[Material provided]

■ ■ ■ ■ ■

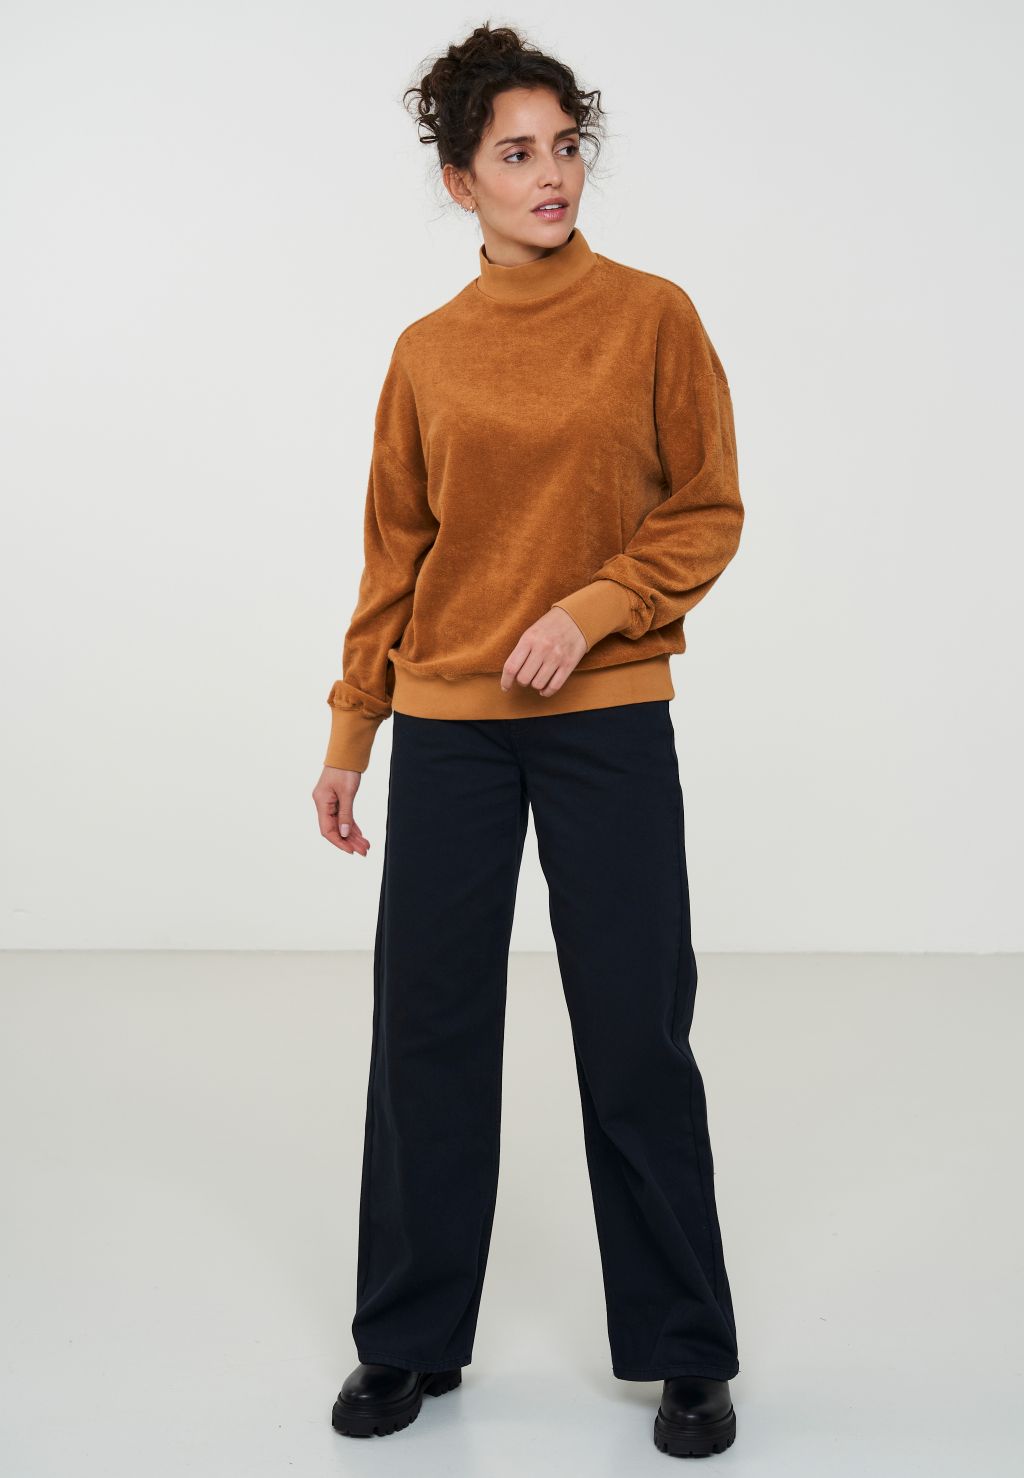 Frauen Sweatshirt Dichondra- Bio-Baumwolle Caramel XL
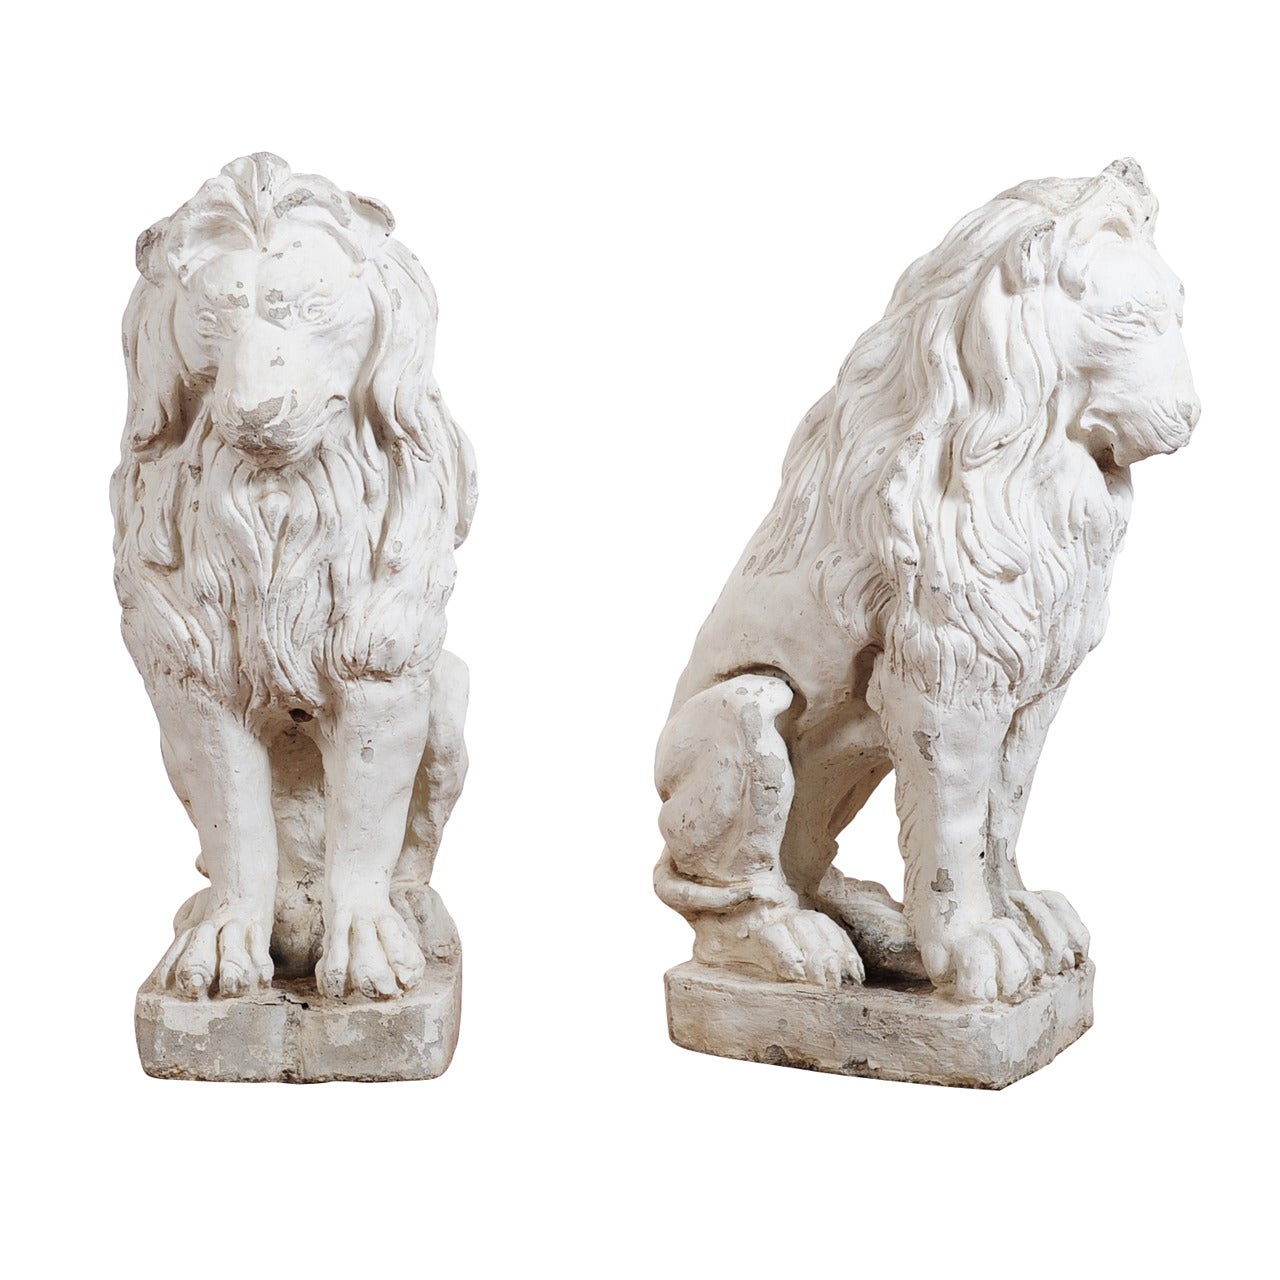 A Pair of 19th Century Italian Baroque Outdoor Concrete Lion Sculptures
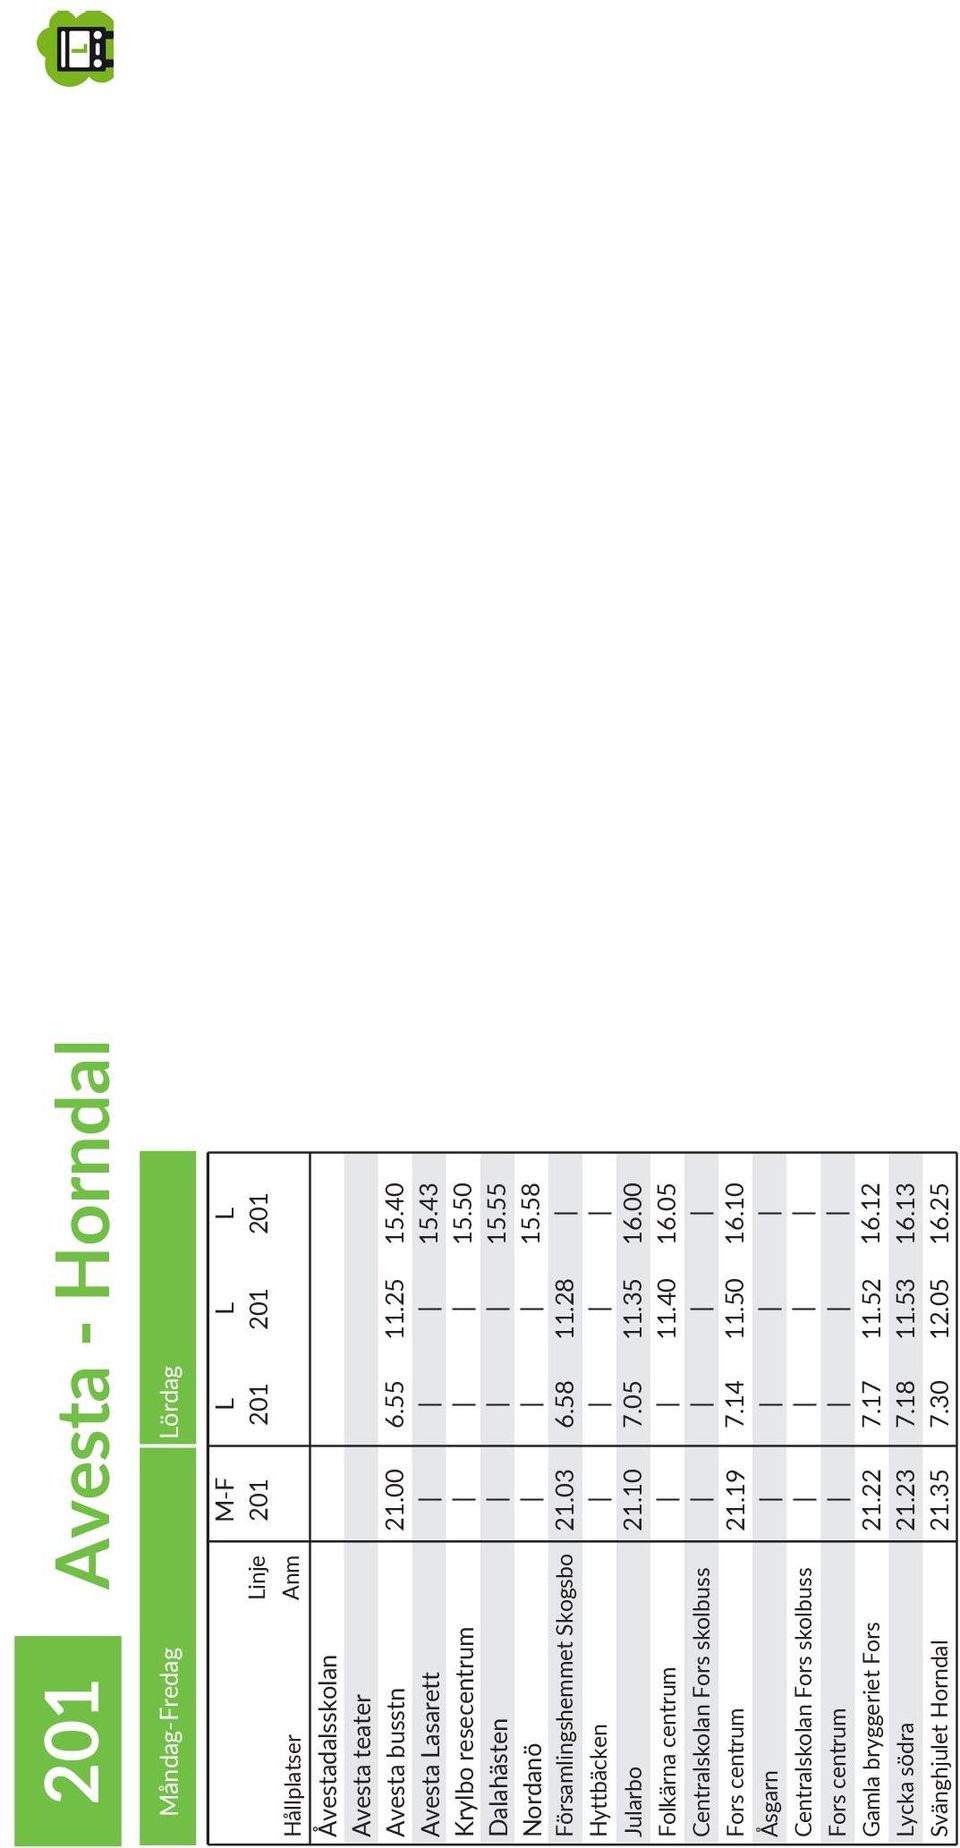 Fors Lycka södra Svänghjulet Horndal M-F L L L Linje 201 201 201 201 Anm 21.00 21.03 21.10 21.19 21.22 21.23 21.35 6.55 6.58 7.
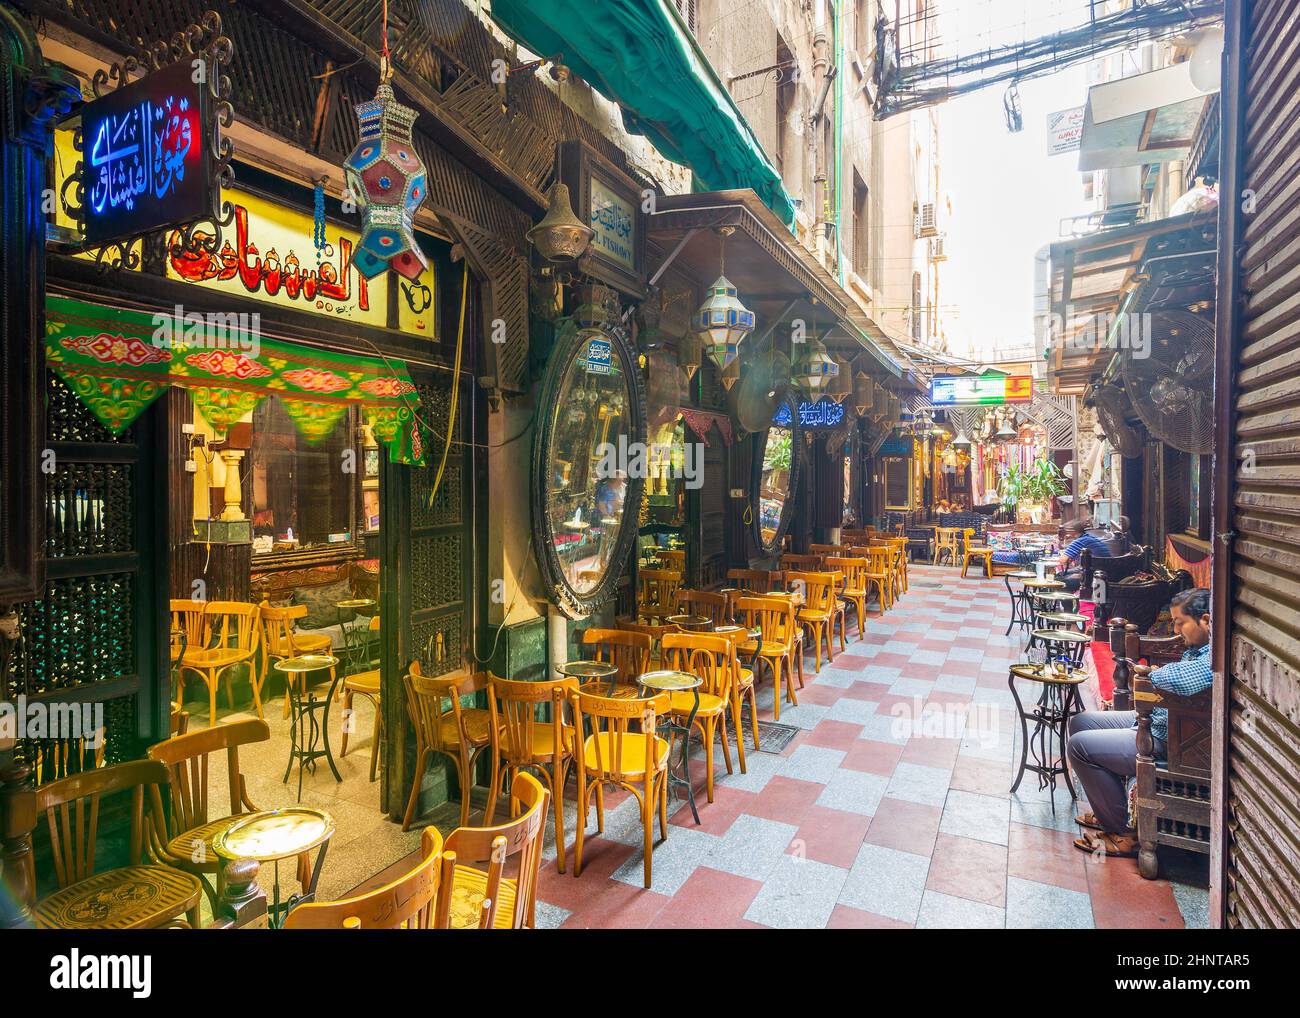 El Fishawi, altes Café, im Mamluk Khan al-Khalili Basar, während der Covid-19-Sperre, Kairo, Ägypten, geschlossen Stockfoto

■ ■ ■ ■ ■

[What the task requires]
Retype everything in the material word for word, minus pictures.

[Exercise response]
 Frauen Sweatshirt Dichondra- Bio-Baumwolle Caramel XL
 A Pair of 19th Century Italian Baroque Outdoor Concrete Lion Sculptures
 Fors Lycka södra Svänghjulet Horndal M-F L L L Linje 201 201 201 201 Anm 21.00 21.03 21.10 21.19 21.22 21.23 21.35 6.55 6.58 7.
 El Fishawi, altes Café, im Mamluk Khan al-Khalili Basar, während der Covid-19-Sperre, Kairo, Ägypten, geschlossen Stockfoto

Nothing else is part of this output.